Additionally, as others have pointed out, if the the only thing you're interested in is the last digit, you do not need to go through the trouble of looping through every digit of every number. The trick here is to only remember the last digit of previous and current, so large numbers are never a problem and you don't have to do things like stoi.
As an alternative to a previous answer would be the string addition.

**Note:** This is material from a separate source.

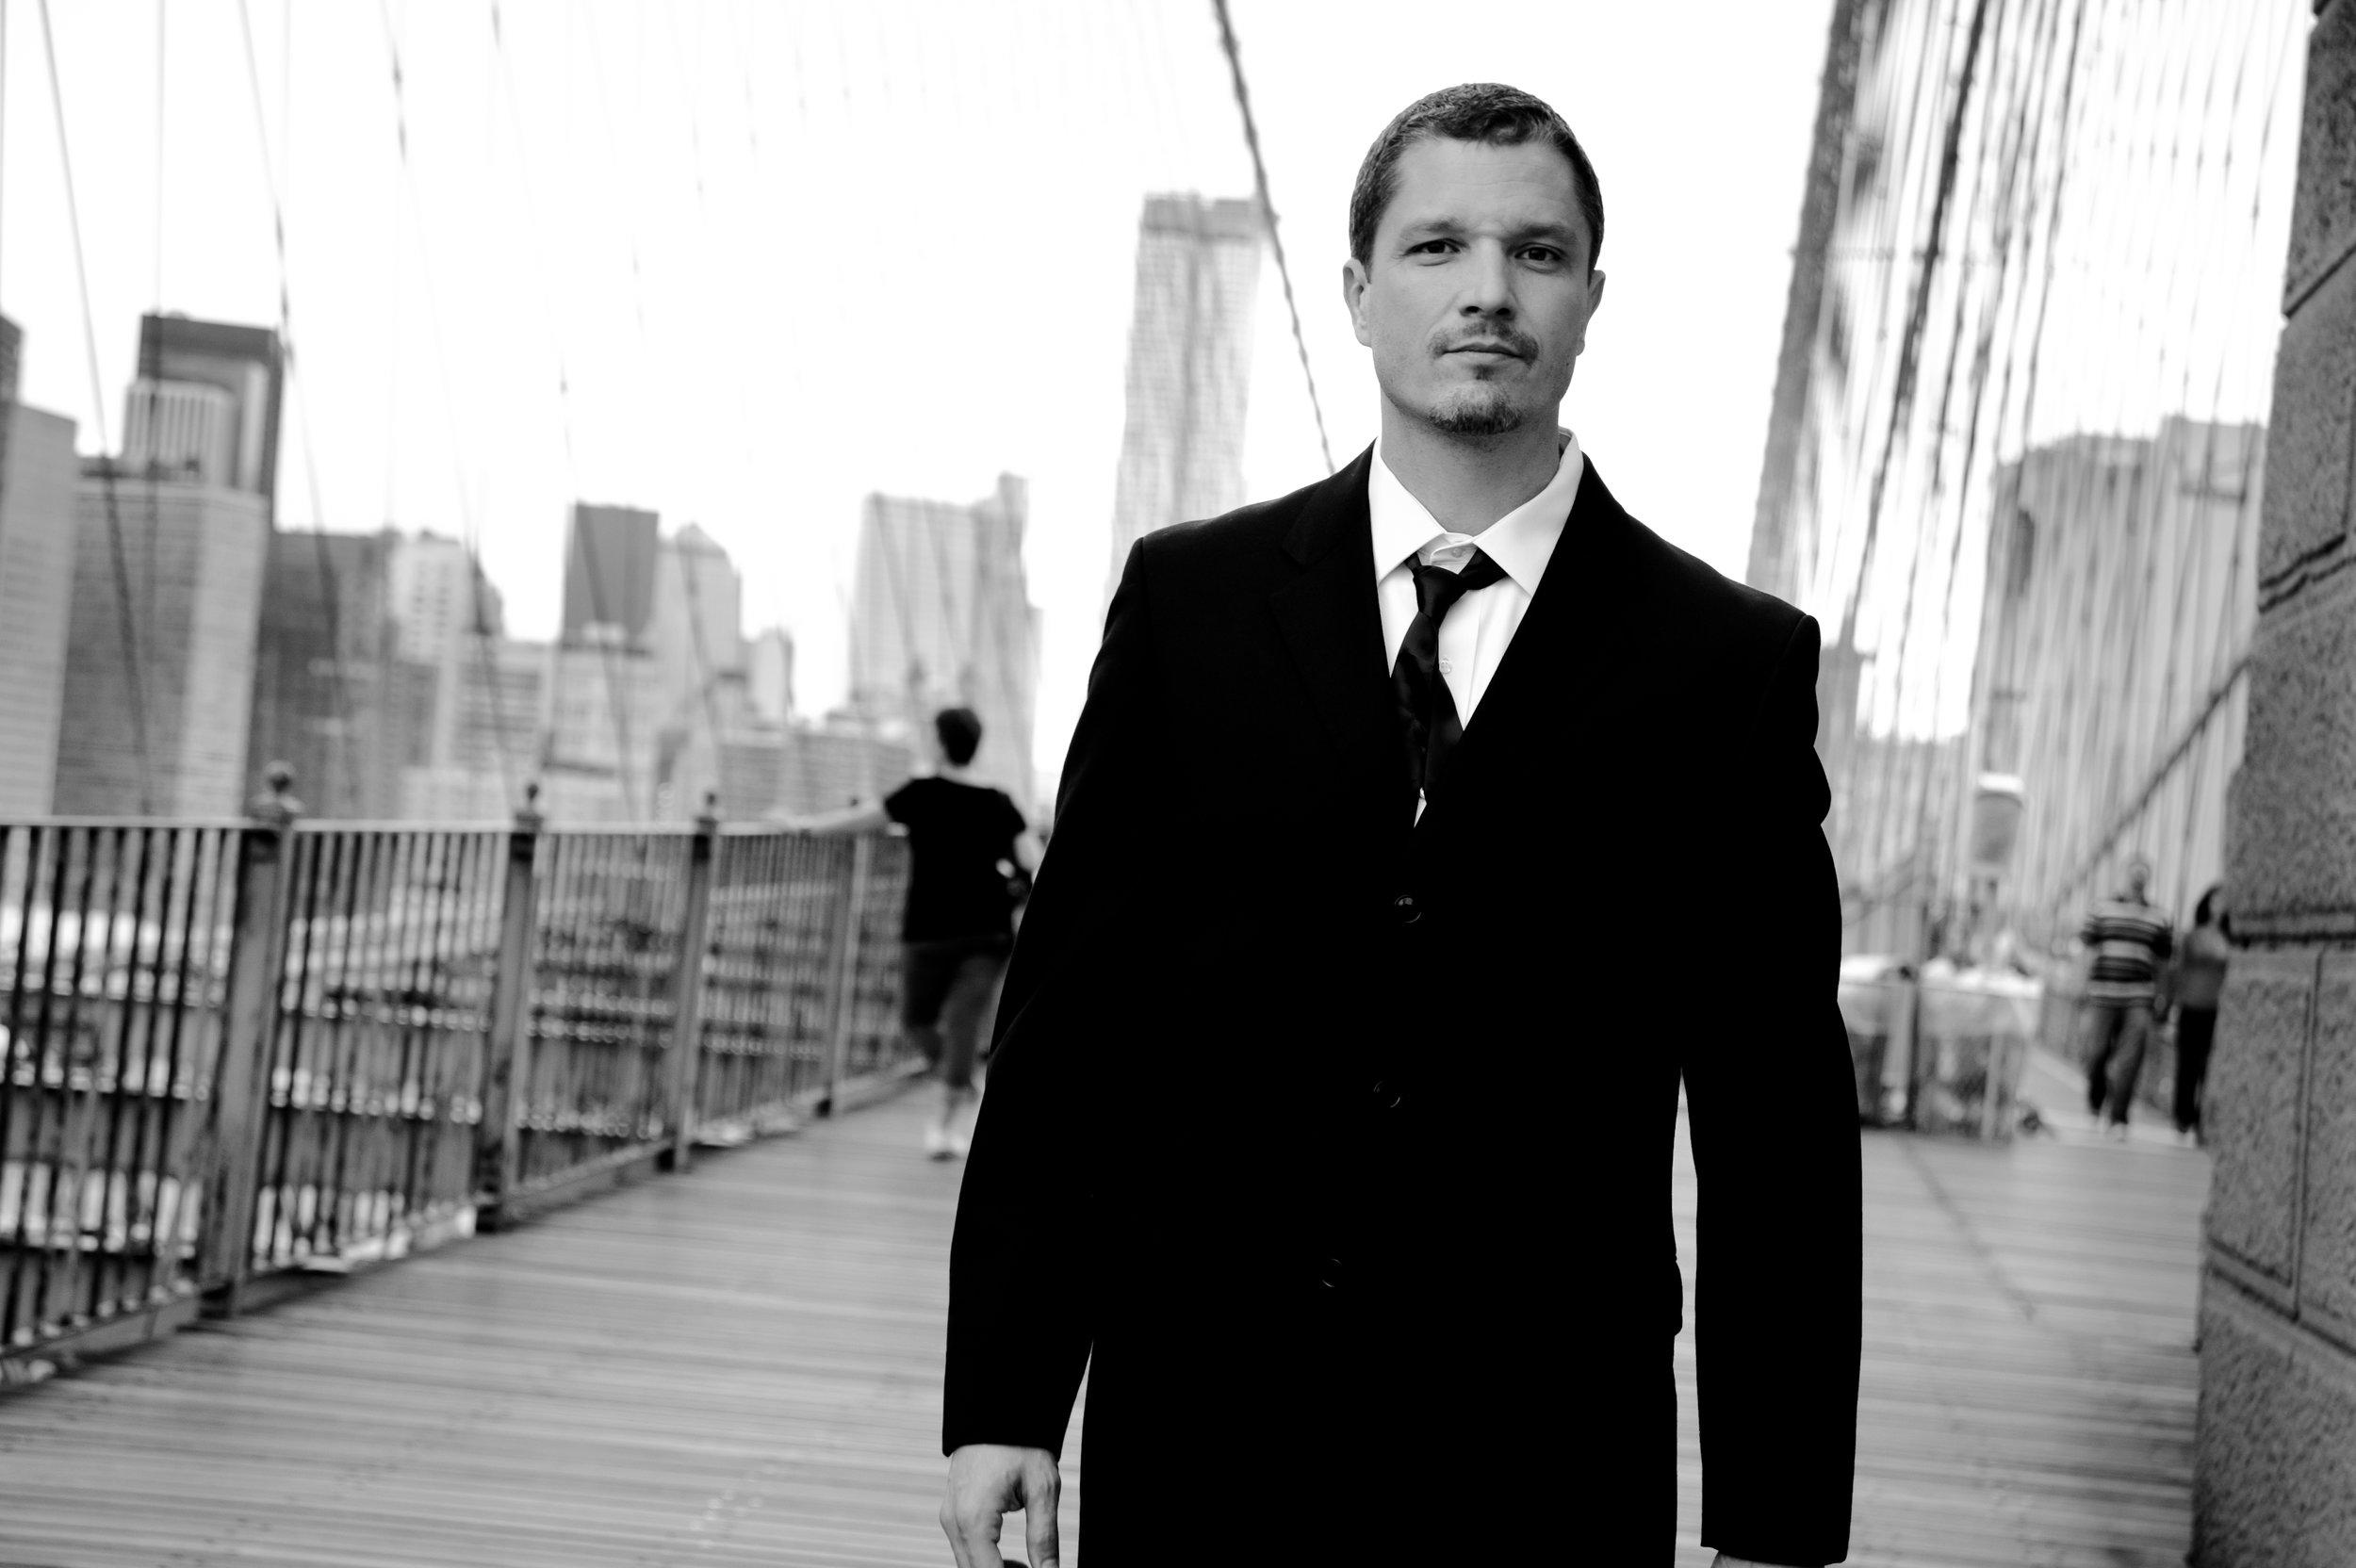 Dominik Tiefenthaler, photo by Julia Tyrrell

I tested it with the fibonacci number of 100000 and it works fine in just a few seconds. Working only with the last digit solves your problem for even larger numbers for sure. for all of you requiring the fibonacci number as well, here an algorithm:
std::string str_add(std::string a, std::string b)
{
// http://ideone.com/o7wLTt
size_t n = max(a.size(), b.size());
if (n > a.size()) {
a = string(n-a.size(), '0') + a;
}
if (n > b.size()) {
b = string(n-b.size(), '0') + b;
}
string result(n + 1, '0');
char carry = 0;
std::transform(a.rbegin(), a.rend(), b.rbegin(), result.rbegin(), [&carry](char x, char y)
{
char z = (x - '0') + (y - '0') + carry;
if (z > 9) {
carry = 1;
z -= 10;
} else {
carry = 0;
}
return z + '0';
});
result[0] = carry + '0';
n = result.find_first_not_of("0");
if (n != string::npos) {
result = result.substr(n);
}
return result;
}
std::string str_fib(size_t i)
{
std::string n1 = "0";
std::string n2 = "1";
for (size_t idx = 0; idx < i; ++idx) {
const std::string f = str_add(n1, n2);
n1 = n2;
n2 = f;
}
return n1;
}
int main() {
const size_t i = 100000;
const std::string f = str_fib(i);
if (!f.empty()) {
std::cout << "fibonacci of " << i << " = " << f << " | last digit: " << f[f.size() - 1] << std::endl;
}
std::cin.sync(); std::cin.get();
return 0;
}
Try it with first calculating the fibonacci number and then converting the int to a std::string using std::to_string(). in the following you can extract the last digit using the [] operator on the last index.
int fib(int i)
{
int number = 1;
if (i > 2) {
number = fib(i - 1) + fib(i - 2);
}
return number;
}
int main() {
const int i = 10;
const int f = fib(i);
const std::string s = std::to_string(f);
if (!s.empty()) {
std::cout << "fibonacci of " << i << " = " << f << " | last digit: " << s[s.size() - 1] << std::endl;
}
std::cin.sync(); std::cin.get();
return 0;
}
Avoid duplicates of the using keyword using.
Also consider switching from int to long or long long when your numbers get bigger. Since the fibonacci numbers are positive, also use unsigned.